29.1.13

The First Picture

Scrap snuggles up to Chip on our visit to his birth home


In the beginning

It was my late wife, Chip, who chose Scrap. We had heard of a litter of Jack Russell puppies in Cheriton Fitzpaine, a nearby village, on the morning of 13 August last year. We went to look at a bitch, but Chip only had eyes for one of the dogs, who was even fuller of the terrier spirit than his sibs. If there had been any doubt that we would be getting a puppy — it was something we had decided rather quickly, as neither of us, despite our three previous dogs together, had ever homed a puppy — disappeared when we heard that the litter had been born on 27 May, our 30th anniversary.

We arranged for the puppy, renamed Scrap on the spot (largely because Chip had seized on a chance remark of mine that I thought it was a good name for a small dog and had alchemically transmuted it into the notion that I had a lifelong yearning for a puppy of that ilk), to be delivered later in the week, and went home via a pet shop where we spent out on a cage, bed, puppyfood, a collar and toys. Chip was so thrilled, and happy.

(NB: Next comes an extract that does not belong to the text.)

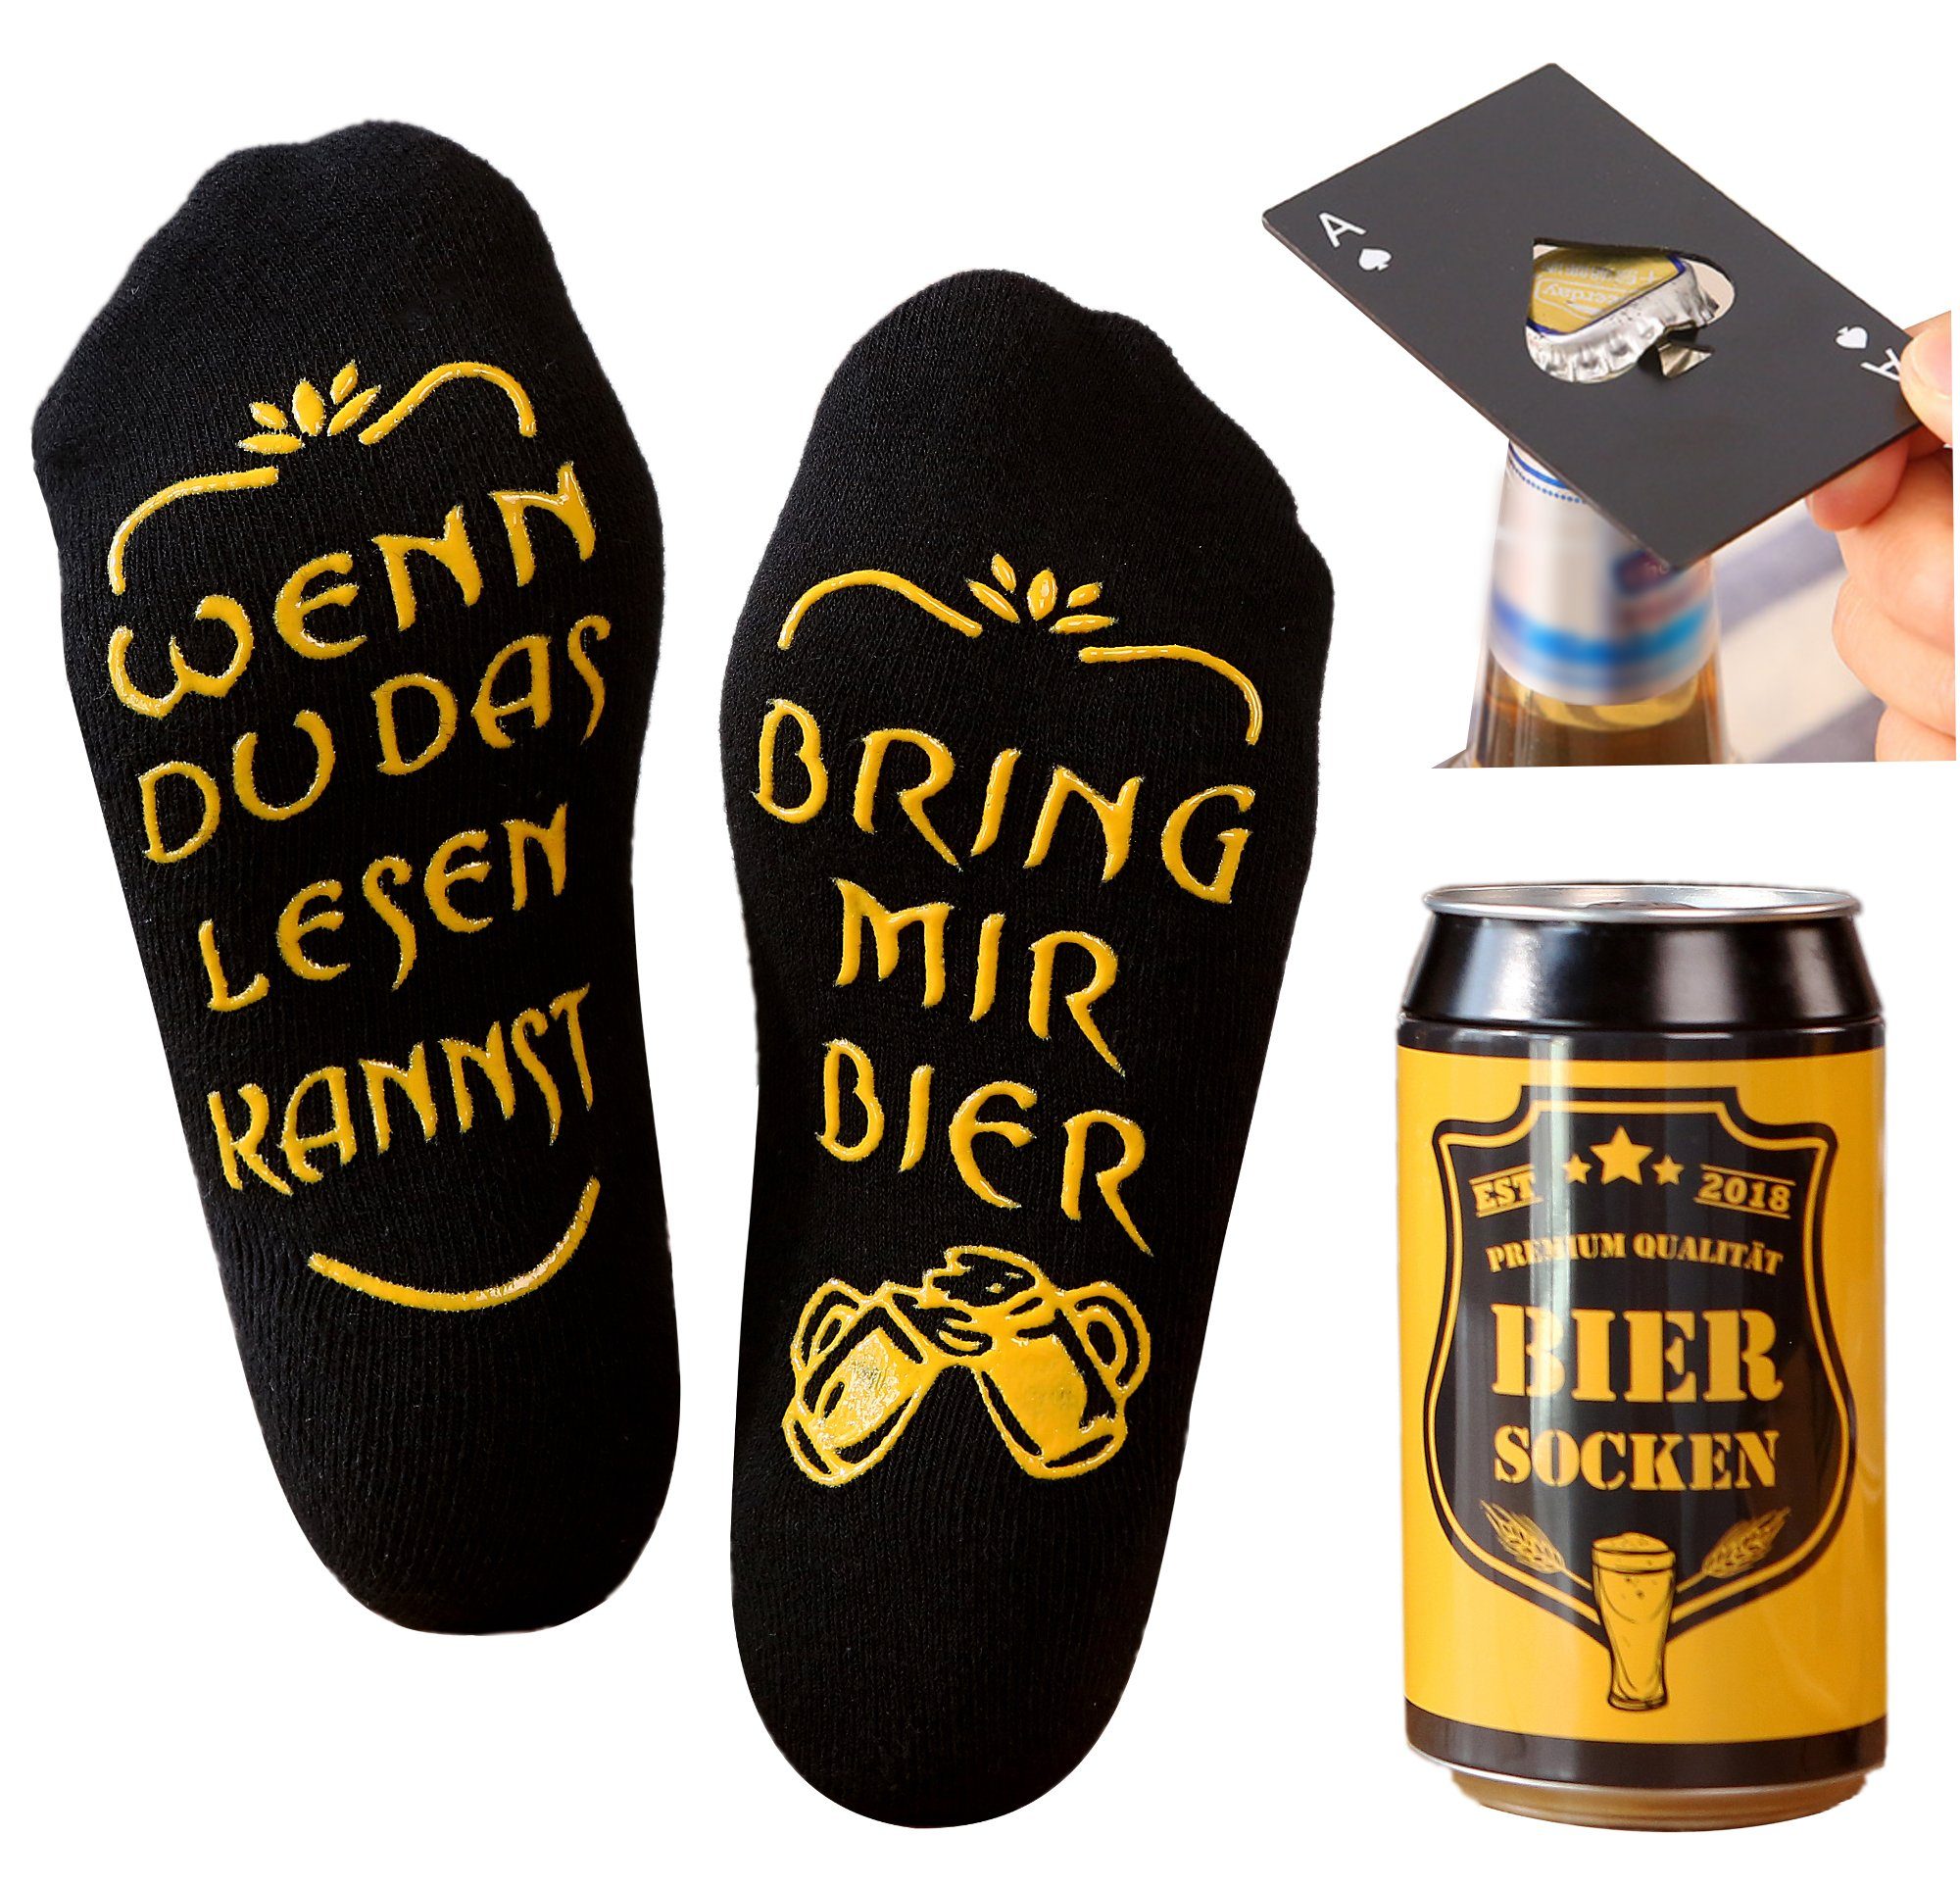 Lucadeau Socken Bier Socken mit Spruch und Edelstahl Flaschenöffner, bring mir Bier (Dose, 1 Paar) rutschfest, Gr. 38-44, Geschenke für Männer, Geburtstagsgeschenk Schwarz+Pikass schwarz

That evening, she had a stomach haemorrhage, which ushered in the last four weeks of her life. The cancer slowly stripped her spirit, but not before she had taken a degree of delight from the first puppy she had ever had, even though she knew she would never feel the joy of walking with him, of smiling benignly at his backside as he sashayed ahead, as she had with other dogs she had loved.

That, and other pleasures and occasional pain would be mine alone, and I conceived of this blog as being about that, but it is also, it appears, about Chip and the other dogs we shared – Toots, Sallywags and Kezzy.